What you will do:
Give every line of the data again, unchanged, but with no pictures.

START Available data

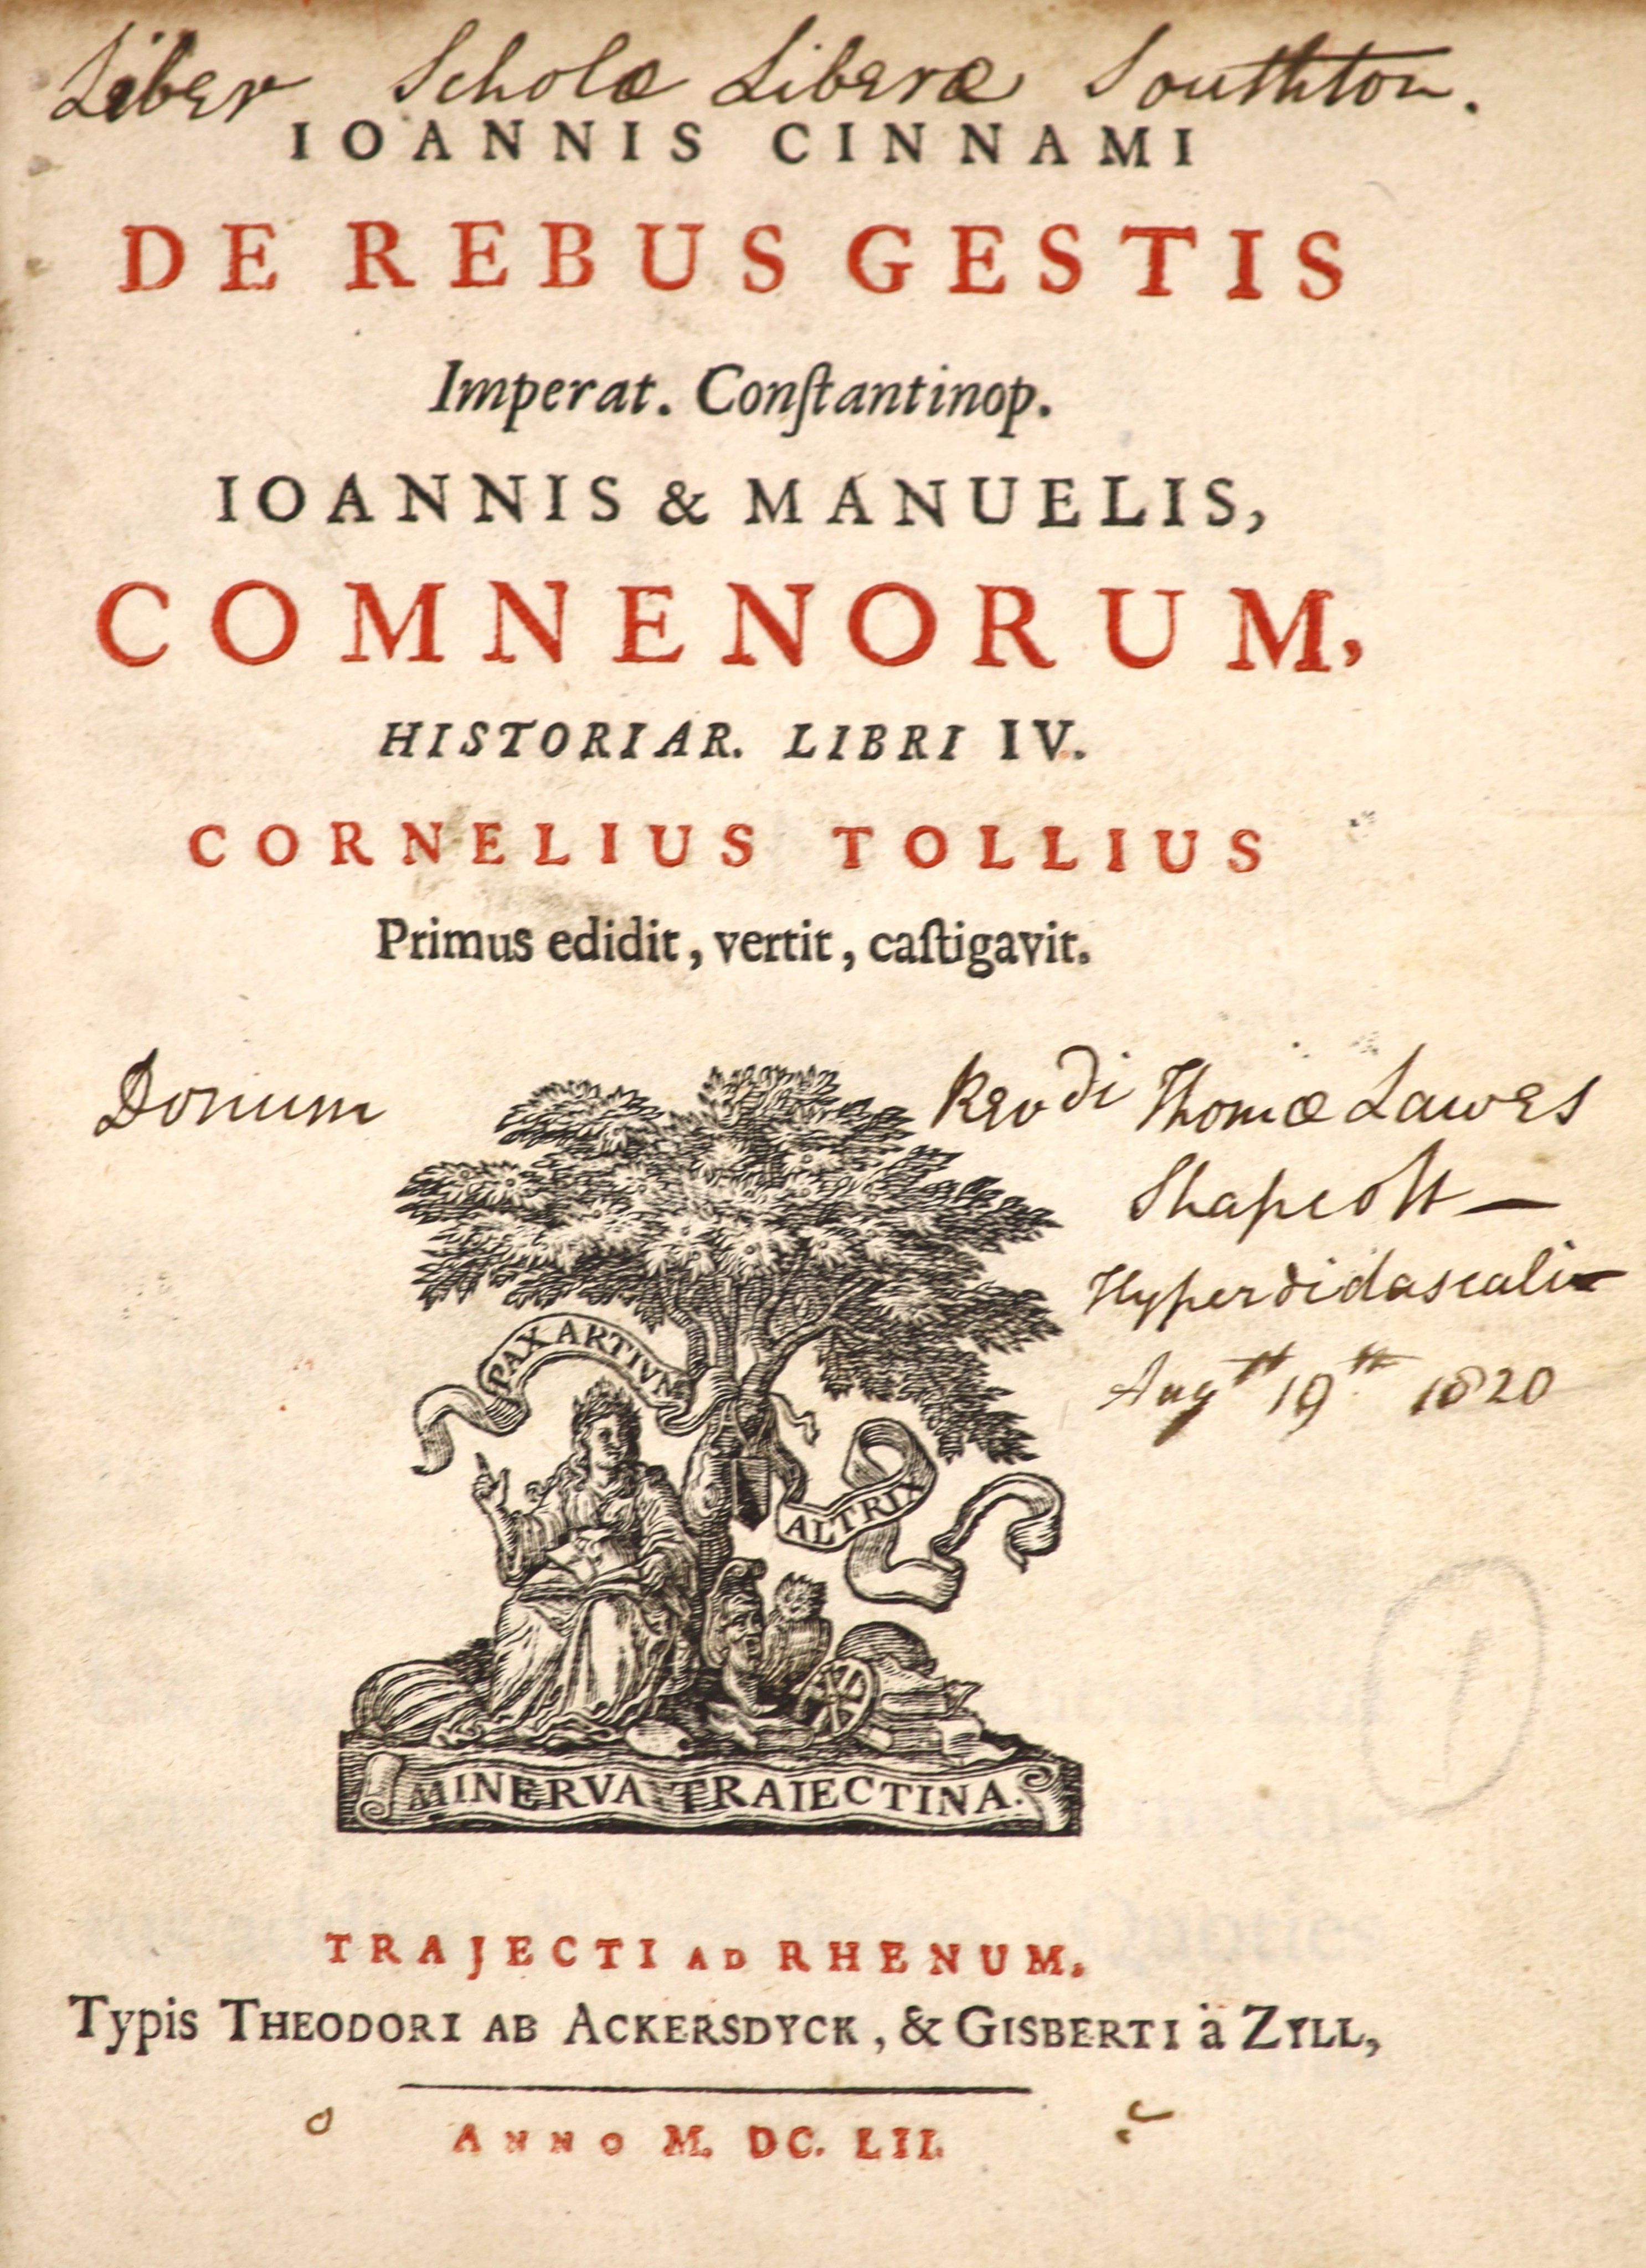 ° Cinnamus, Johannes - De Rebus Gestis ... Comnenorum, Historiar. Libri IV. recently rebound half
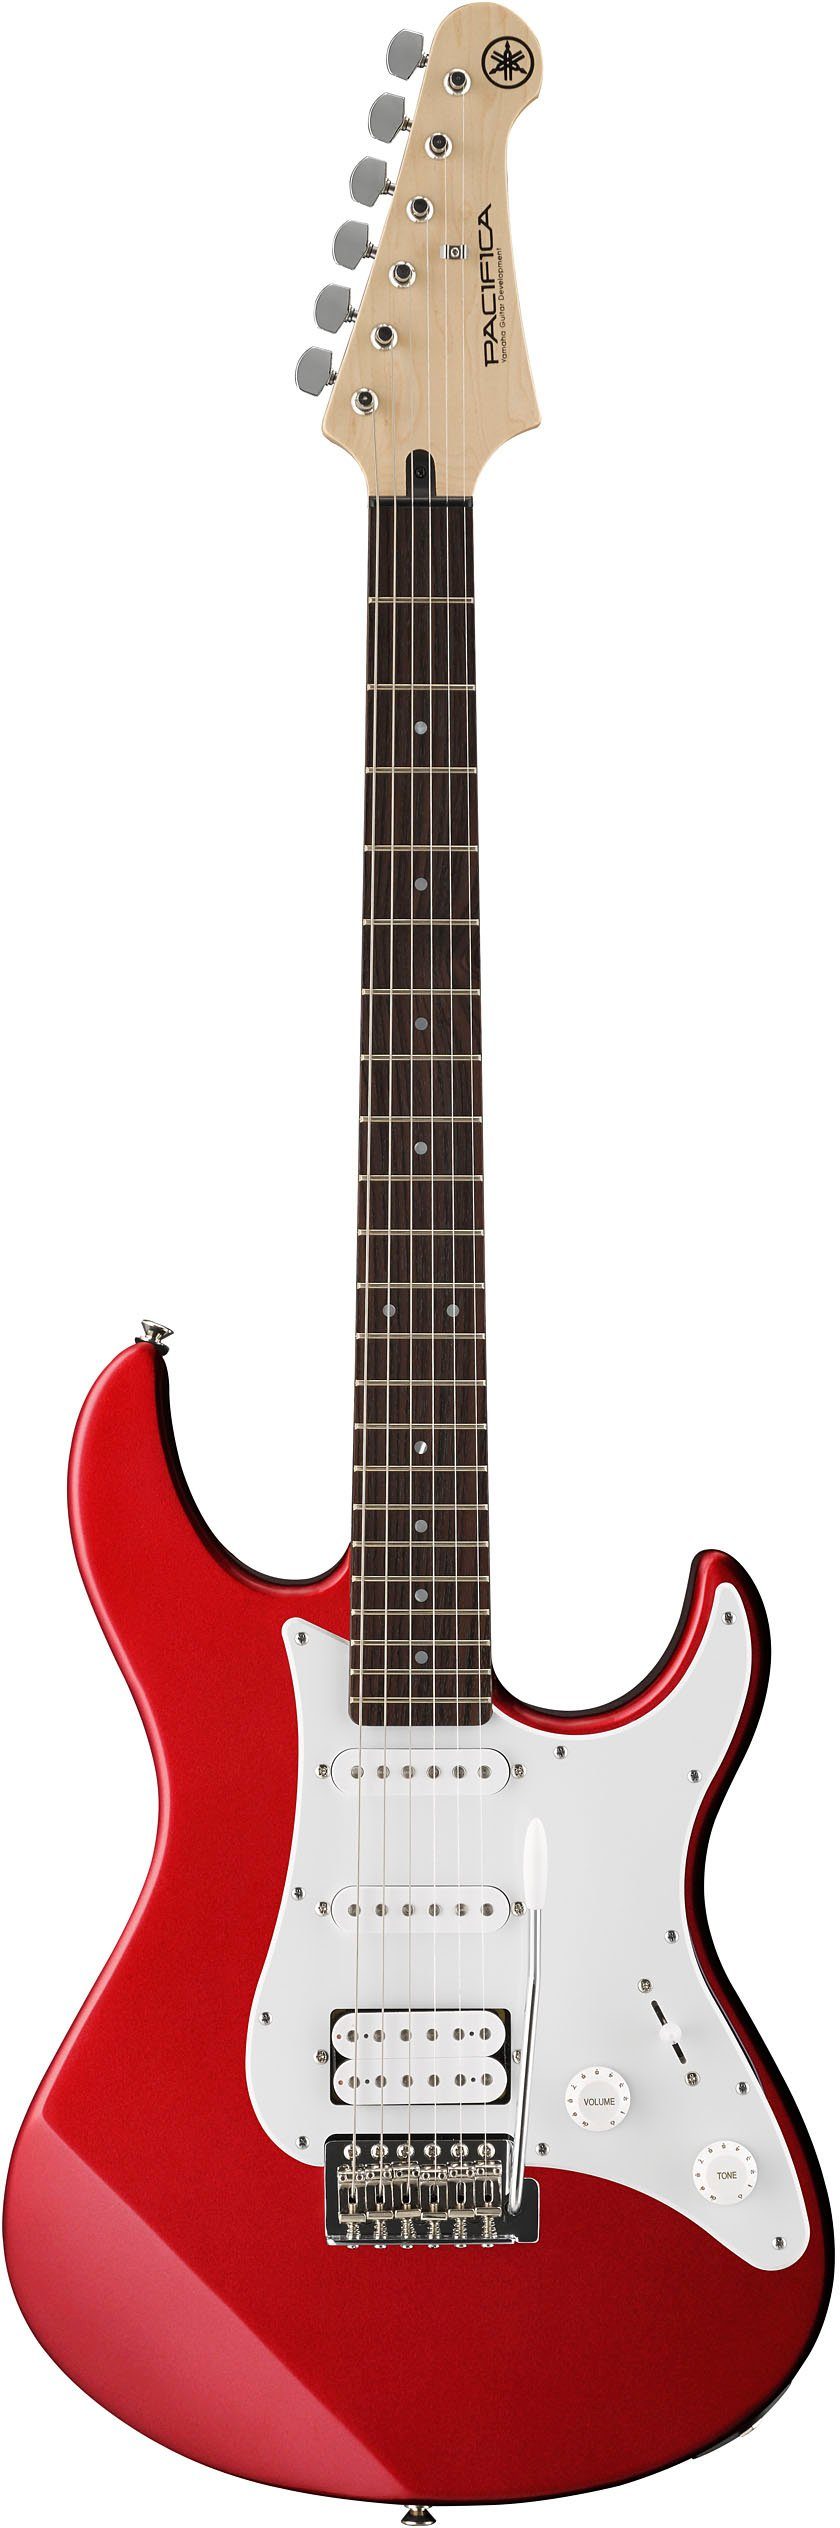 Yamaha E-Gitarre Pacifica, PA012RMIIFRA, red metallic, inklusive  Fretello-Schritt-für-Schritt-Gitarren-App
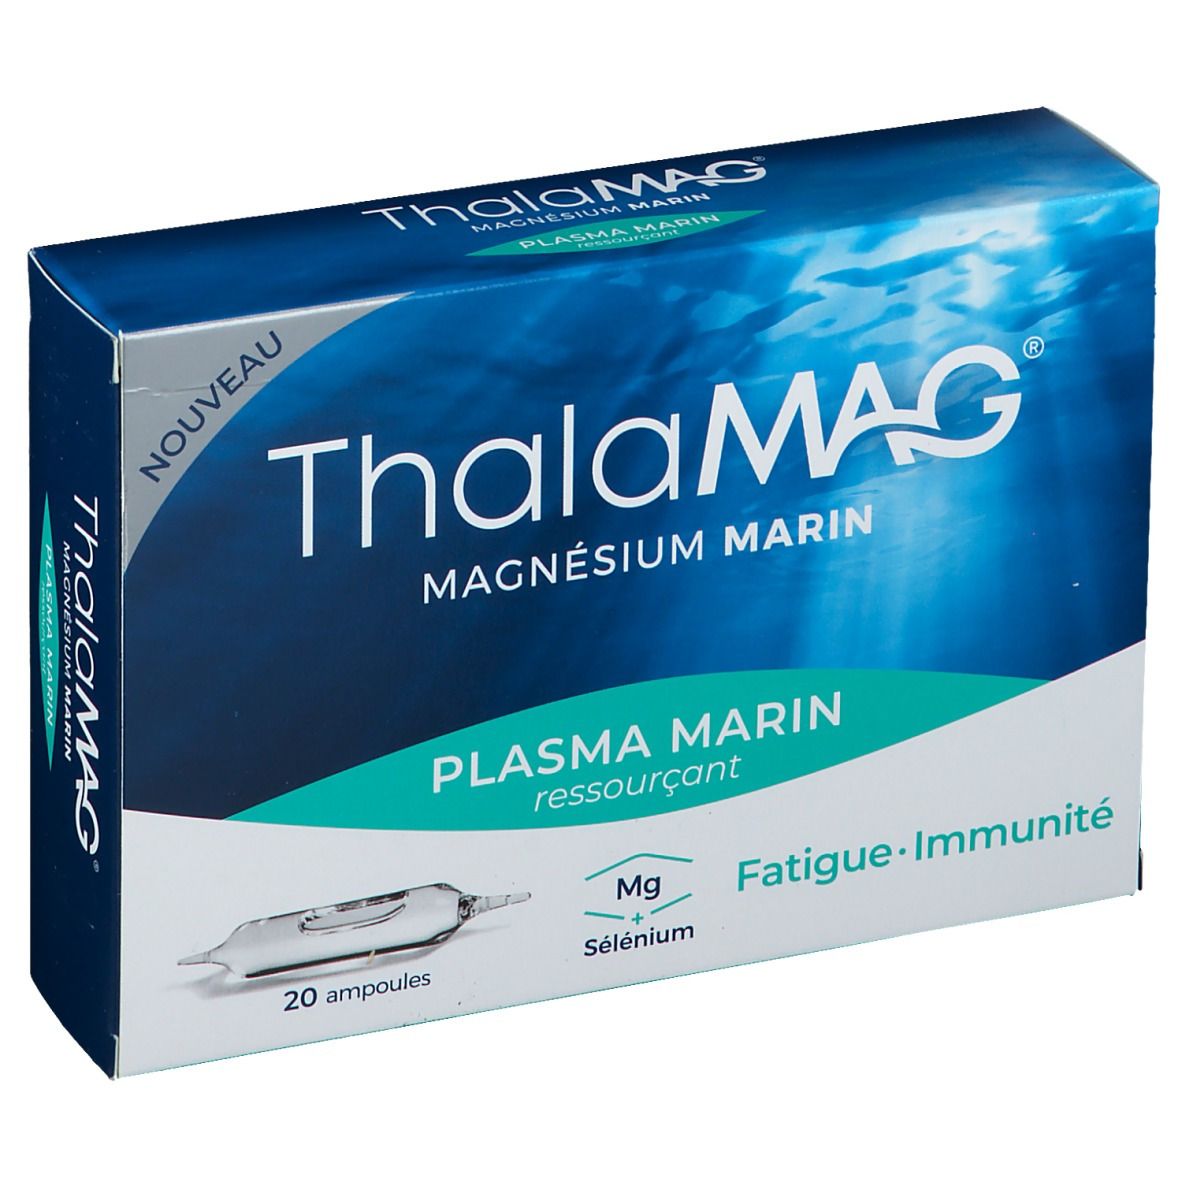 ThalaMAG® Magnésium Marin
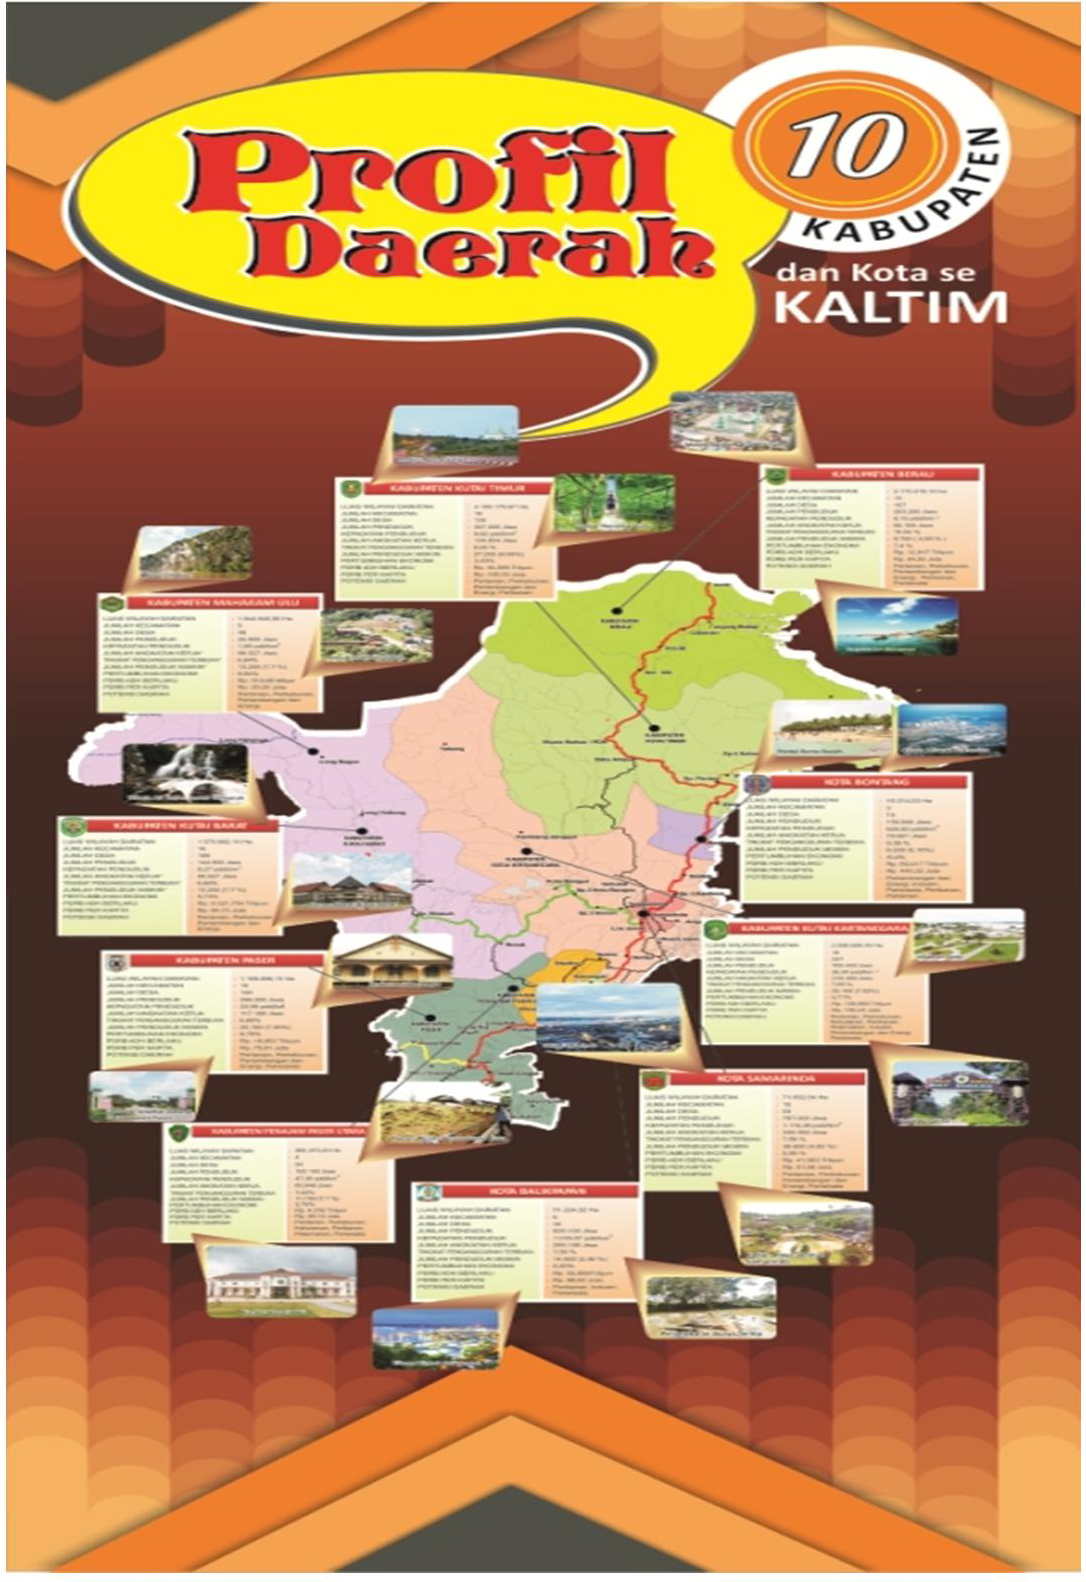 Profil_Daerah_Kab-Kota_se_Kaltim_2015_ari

END Available data

Output of the task:
 ° Cinnamus, Johannes - De Rebus Gestis ... Comnenorum, Historiar. Libri IV. recently rebound half
 Yamaha E-Gitarre Pacifica, PA012RMIIFRA, red metallic, inklusive  Fretello-Schritt-für-Schritt-Gitarren-App
 ThalaMAG® Magnésium Marin
 Profil_Daerah_Kab-Kota_se_Kaltim_2015_ari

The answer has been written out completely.